Des manifestants, Myriam dit que «ce ne sont pas des personnes privilégiées. Ils se sont battus pour avoir des droits et aujourd'hui le font encore pour sauver leurs acquis». Wilson, étudiant américain à Paris, trouve «passionnant de voir une telle capacité de rassemblement en France, avec des syndicats qui ont du poids. Ce n'est peut-être pas très efficace pour faire avancer la loi, mais cela montre que la démocratie fonctionne», note-t-il. «Aux Etats-Unis, même si les jeunes sont de plus en plus favorables aux idées de gauche, celles de Bernie Sanders, on ne voit pas un tel engagement. Ni de manifestations comme celle-ci.»
Plus loin, en périphérie du cortège, l'atmosphère est plus électrique. Mélanie et Nelson, deux jeunes résidents d'un immeuble situé Boulevard de Port-Royal, sont postés devant leur porte. «Lors d'une mobilisation précédente, des manifestants blessés sont entrés dans la cage d'escalier, explique Mélanie, qui habite au rez-de-chaussée. Dans la journée, il suffit d'appuyer sur l'interphone pour que la porte s'ouvre, on n'est pas très rassurés.» Peu à peu, les curieux qui restaient sur le trottoir se réfugient à l'intérieur et gagnent les balcons. Les explosions se font plus fréquentes. Mike, étudiant d'une vingtaine d'années, sort soudainement de son immeuble en tremblant : «Une bande de manifestants vient de faire exploser un truc devant chez moi. J'étais dans ma cage d'escalier à ce moment-là, j'ai juste vu des flammes devant la porte de l'immeuble.» Certains participants au défilé hésitent, d'autres rebroussent chemin.
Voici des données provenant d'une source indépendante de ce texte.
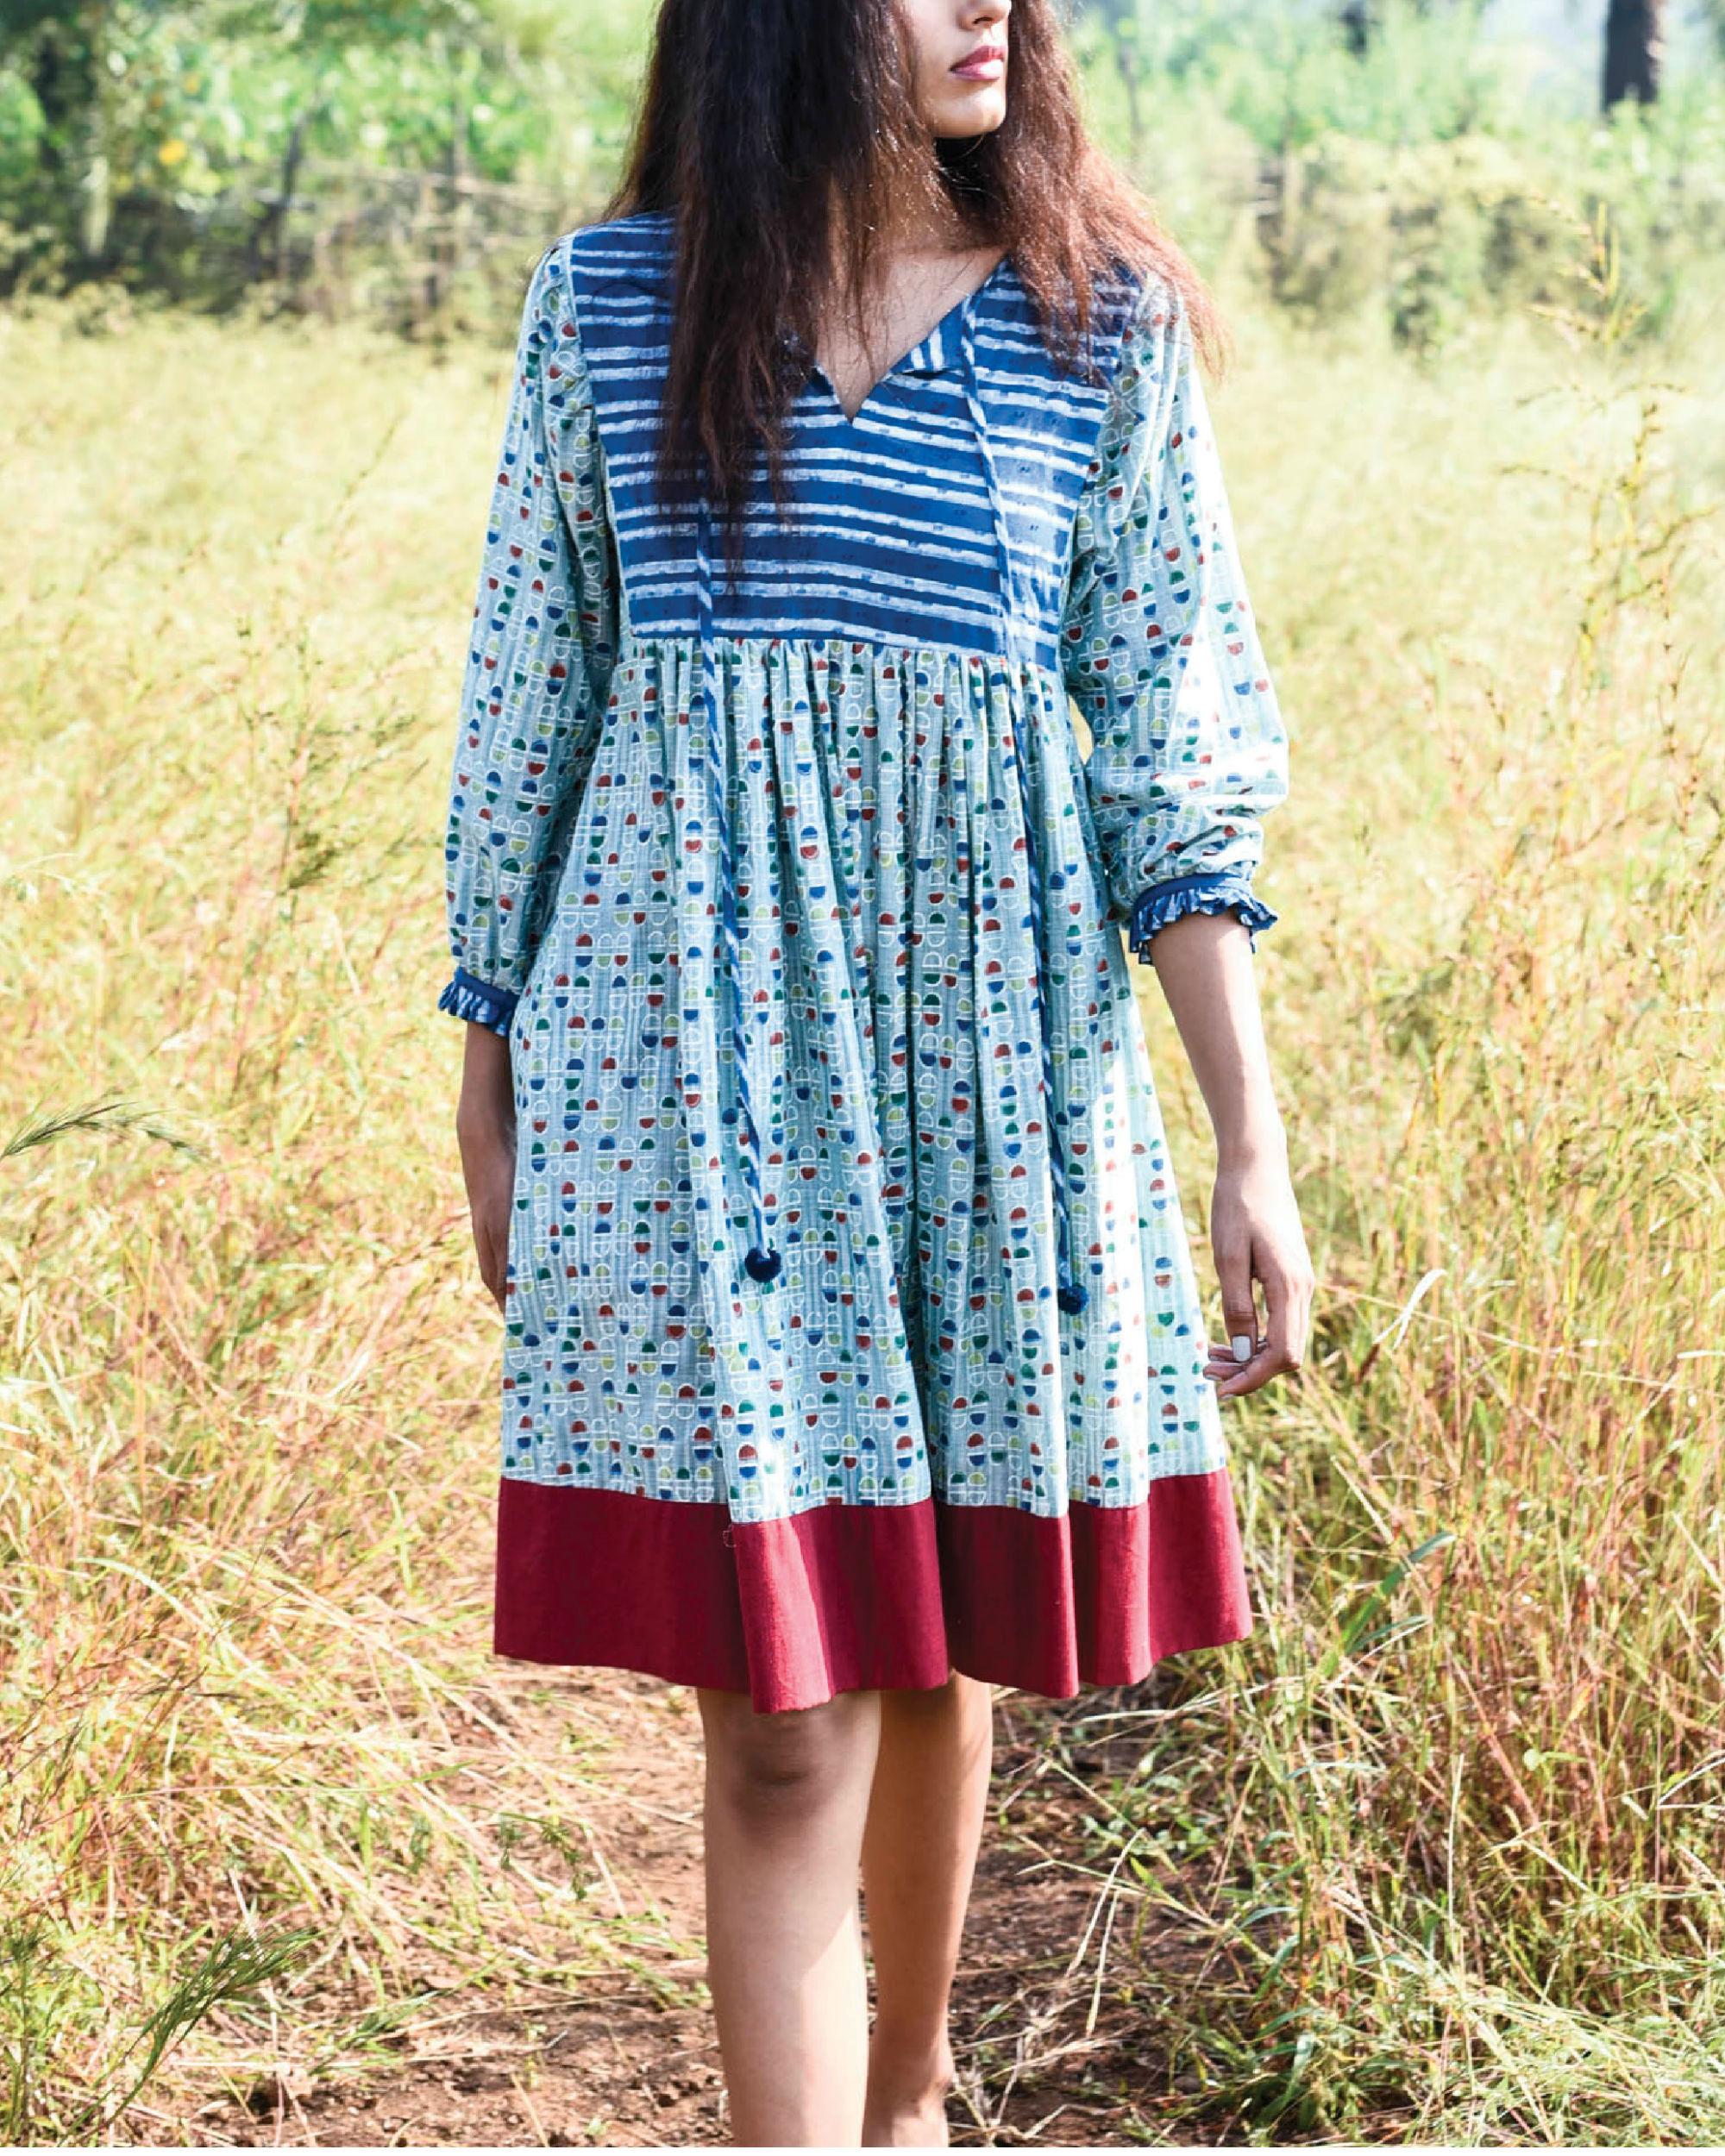 Sea foam peasant dress

Des passants tentent de se faufiler entre les barrages de CRS, sans succès.
Quelques centaines de mètres plus loin, les cafés ont fermé portes et terrasses. Les commerces ont baissé les rideaux. Face aux explosions répétées, même le Carrefour City décide d'évacuer ses clients : «Tout le monde dehors, on ferme !» crie un des membres du personnel.